Half of all pregnancies in America are unplanned. Many of these women feel scared and alone with no support or anyone to turn to. Read this story from a young girl who experienced this:
“I was an active member at my church, and I knew that they would look down on me no matter what choice I made, and I was right. My church wanted to send me to another church, a place full of strangers to help me through the pregnancy. With no support, I became afraid.
I wanted to keep it, but they didn’t support me, nor did my family, especially my father.
My dad printed out all sorts of things for me to look at: the expenses of a child and the places mothers without homes end up and stuff of that nature. He would talk behind my back, and I would hear it through the grapevine.
“That’s not my daughter, if she has it, I will disown her and it.”
I went to my aunt, who told me that she had had an abortion earlier in her life. I was shocked to hear this. She told me that she would support me either way, but she wanted to show me something.
She brought me to her friend’s home, a woman with 3 kids and no support. She told me how miserable my life would be if I kept it.
I went on to find out that a friend of mine was also pregnant. She was in the same week that I was in, 12 weeks. She went on to have her child. I did not.
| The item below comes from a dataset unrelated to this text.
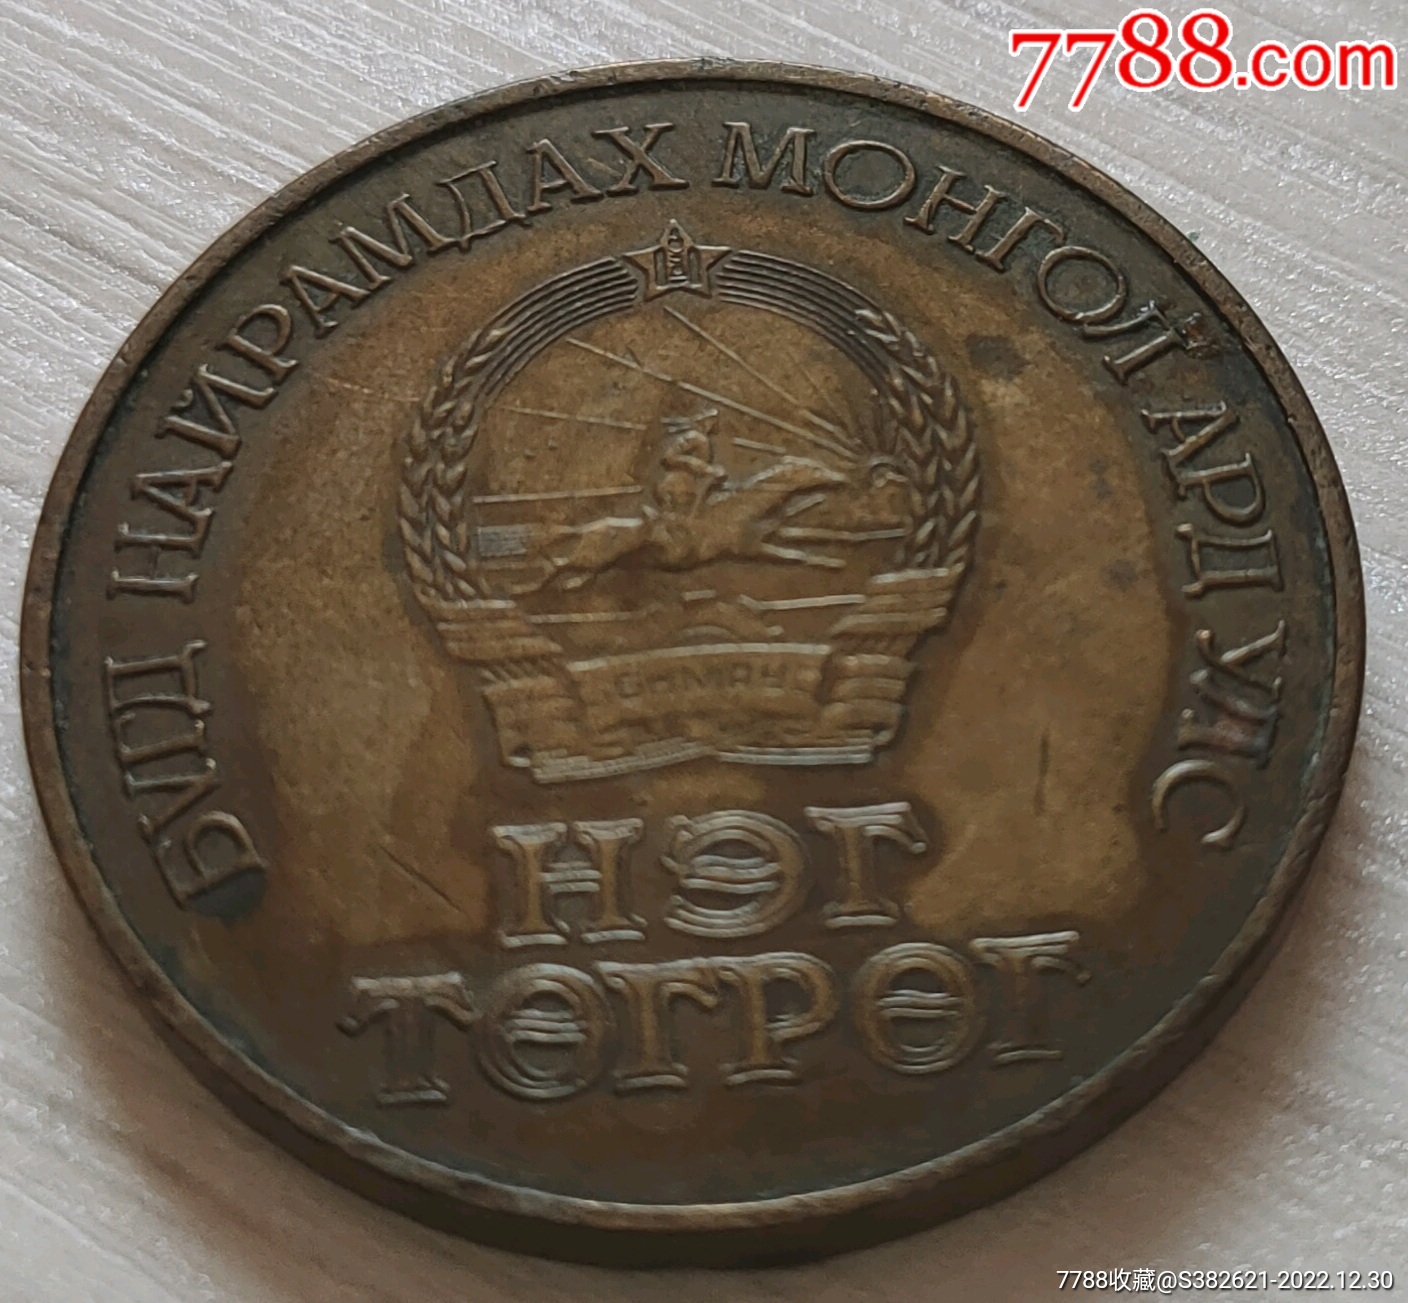 带彩内蒙古自治区纪念币一枚-普通纪念币-7788收藏

Not feeling like I had support, I became afraid and ran away the day that my parents scheduled the abortion. This made my father furious. He wanted to kill my boyfriend. I was afraid for him.
I felt that the child would have brought pain, misery, anger, and expulsion from my family, so I went through with it. I was not mentally there when I made the choice. I feel like another part of me went there and went through everything for me. It was like I was watching a part of my life.
After I woke up, I saw that the nurse had carelessly left the chart of the before and after ultrasound. I wanted to die after I saw that. My aunt told me that I saved my father a trip from going to jail.
It has been 5 years, and I live in regret. It’s hard watching my friend’s child knowing that mine would have been the same age as him. It’s like watching my child growing up, but I know he’s not here. Because I allowed my fear to kill my child. I think about it every day. My father always says “I can’t believe you are still upset about that,” and that hurts more. When I do have children, I don’t want them to have anything to do with him because I am still so hurt, and he always reopens that wound that I have.”
What if this girl would have had just one person to support and help her? What if she had just one person who tried to help and persuade her? Maybe then things might have turned out differently for her and her child. This is why it is so important that we support women who face situations such as hers-you never know when you could be the one to prevent a woman from having an abortion.
Offer your support and love and, if you can, money. Refer her to a pregnancy center near you (you cand find one here). Pray for and with her. Be sure she knows the facts about abortion. Do whatever you can to show your support for her.